Pro tip: Instead of using notepad.exe try using OneNote http://www.onenote.com/ or EverNote https://evernote.com/ and keep all of your notes from past triages. This will provide a central repository that you can search and use to provide insight into future malware .triage  

 The crowdsource tools we will look at are a mix of tools specifically aimed at Incident Responders (such as crowdsource intelligence offerings) and tools that are just useful during the triage process if we don't have a local equivalent handy.

It should be noted that even with a completely vanilla Windows 7 install and application whitelisting many of these tools can be created locally through the use of PowerShell. However, for the sake of this presentation we will try to accomplish all analysis with online tools.

Obviously by their very nature these tools do not support strong operational security practices!

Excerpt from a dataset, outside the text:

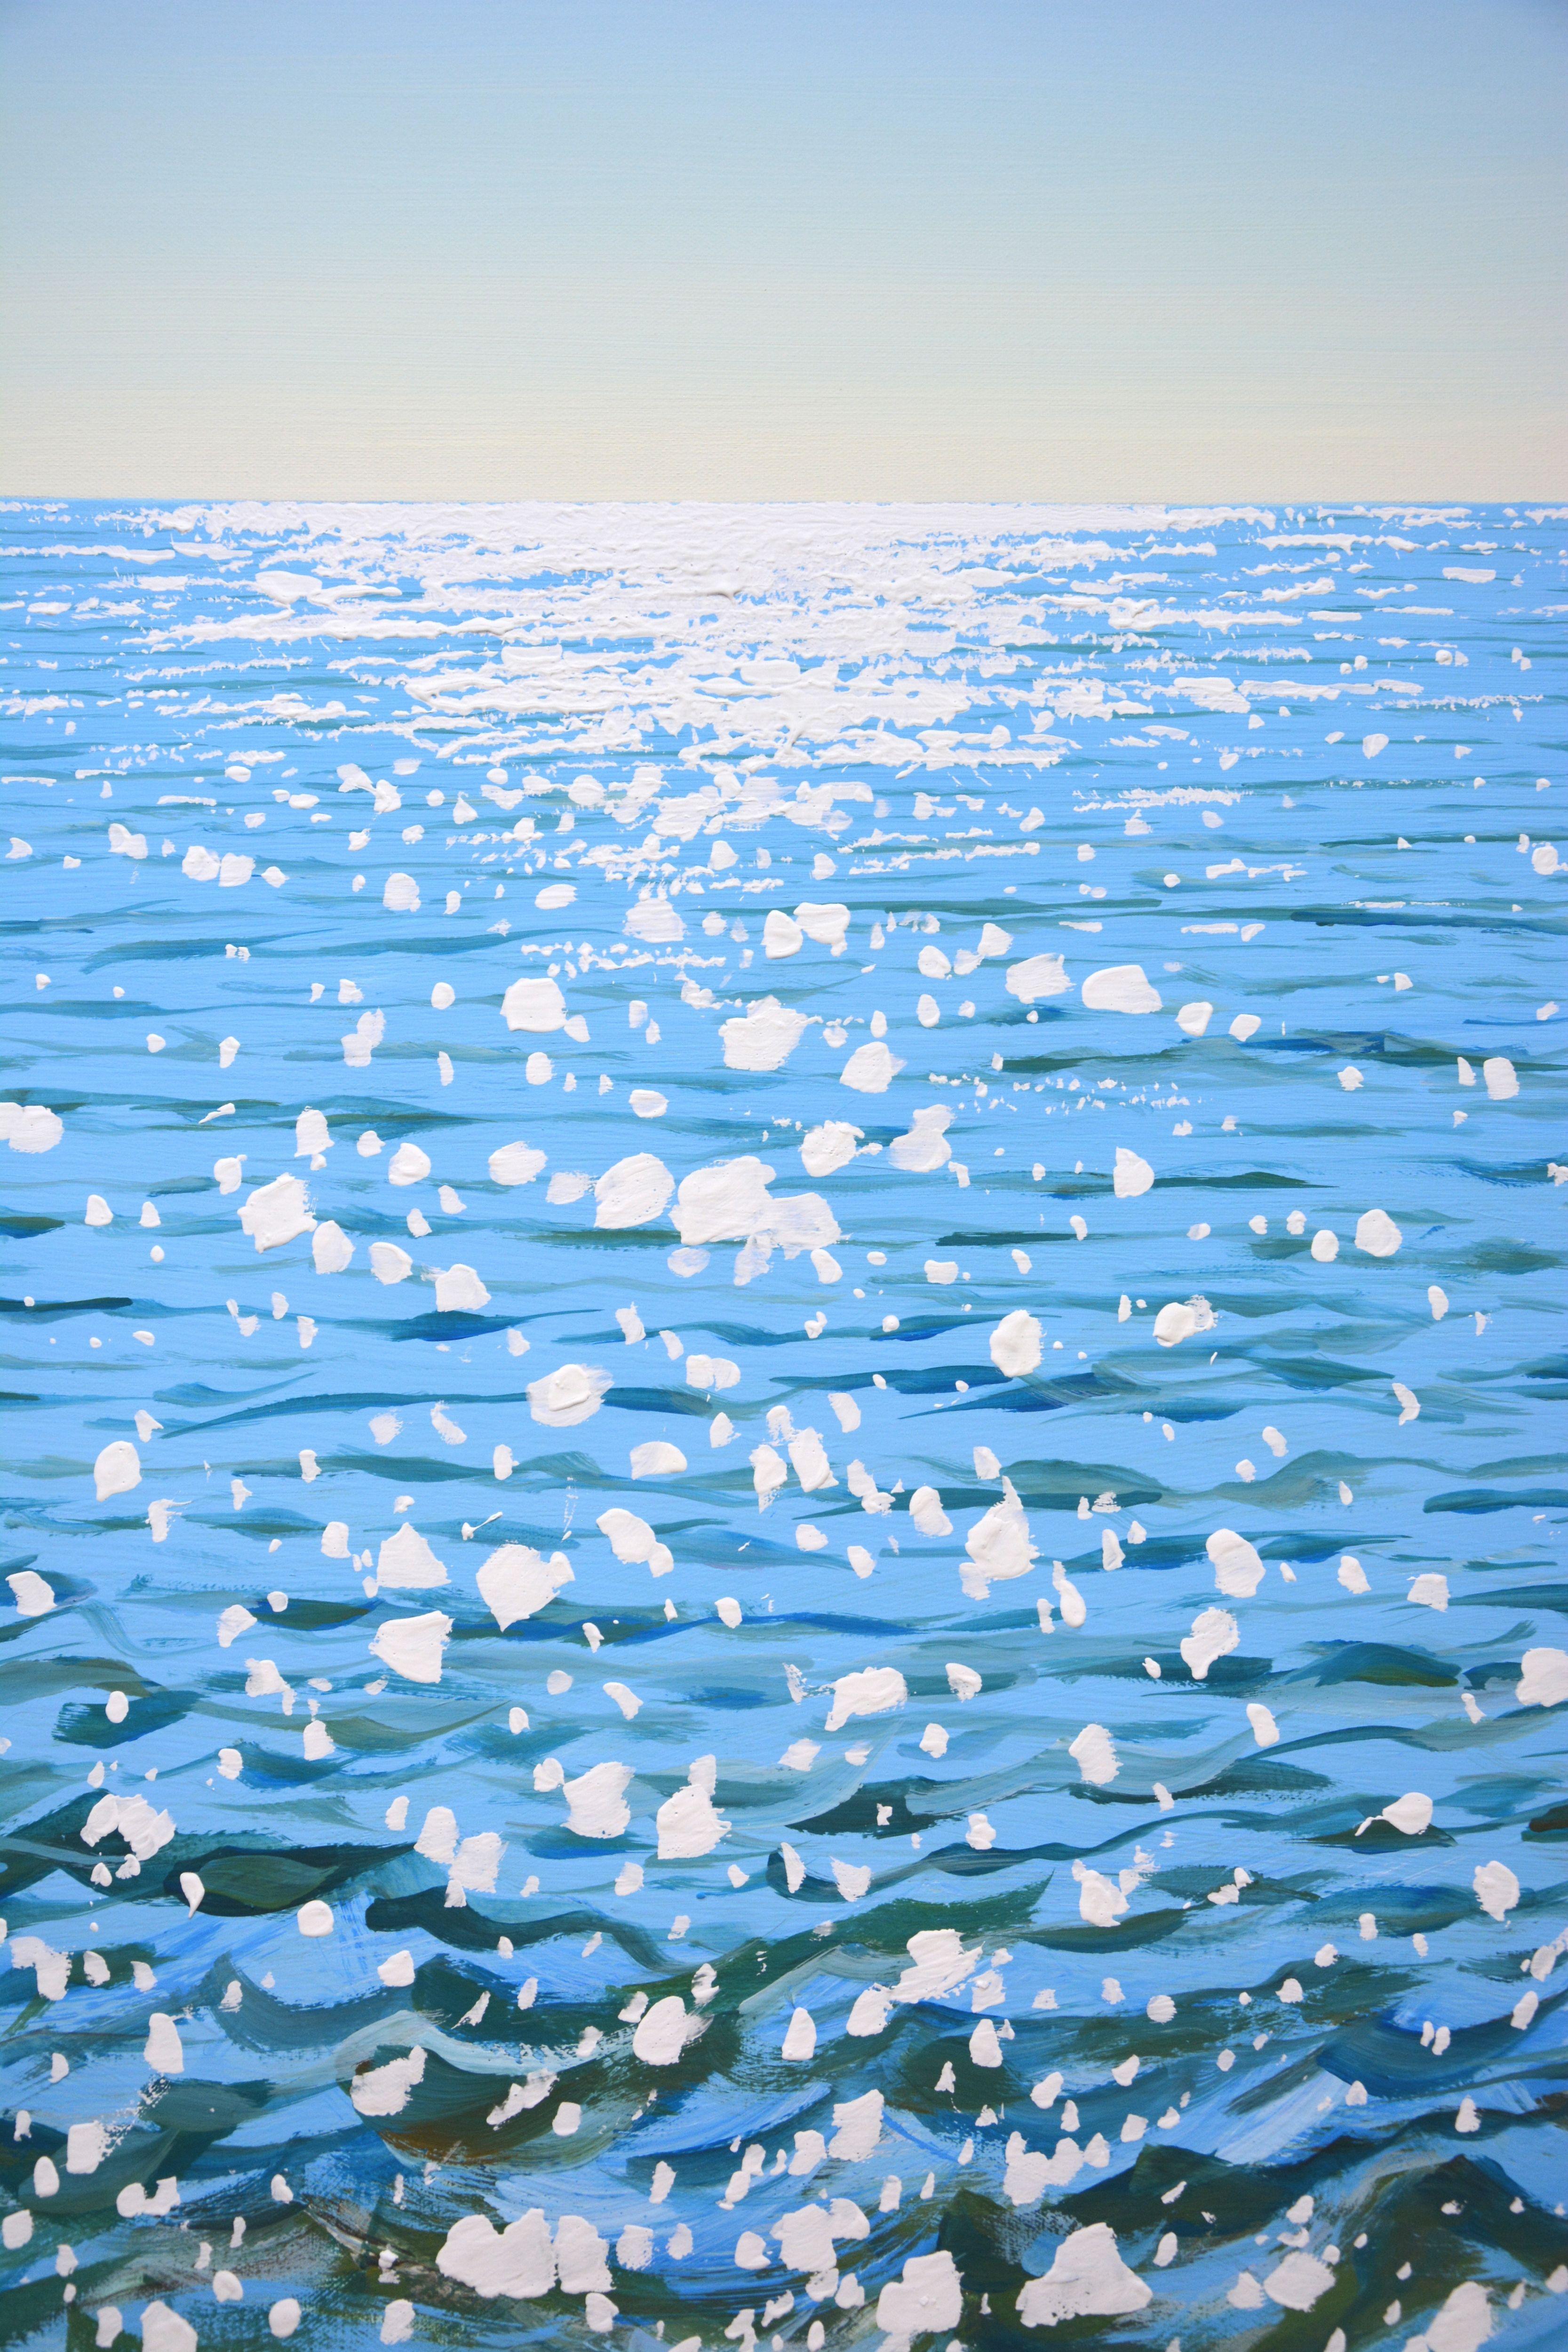 Eau bleue. Éblouissement. L'océan, les étincelles du soleil sur l'eau, le ciel clair, les vagues sans cil créent une atmosphère de détente et de romantisme. Réalisé dans le style du réalisme, la palette bleu clair, blanc souligne l'énergie de l'eau.

If you are trying to avoid tipping off an adversary that you are investigating them, don't use these tools.

Pro tip: If you don't have the local tools/lab you need and you are trying to analyze an APT you have already lost. This presentation is not for you.

The scenario we will use as our demo involves receiving an e-mail with a suspicious link in it. We want to triage that URL.

Pro tip: you will note that in the screen shot it appears as though we are drafting the suspicious e-mail not receiving it... maybe we are... maybe I was tired when I took the screen shot... maybe we should move on...

 The triage workflow that we will be using to analyze the URL.

During the passive analysis phase we try to gather information about the URL without actually interacting with it. This is one of the areas that tools specific for Incident Responders have really improved in the past few years. There are tons of tools available, I've just listed the ones I use daily.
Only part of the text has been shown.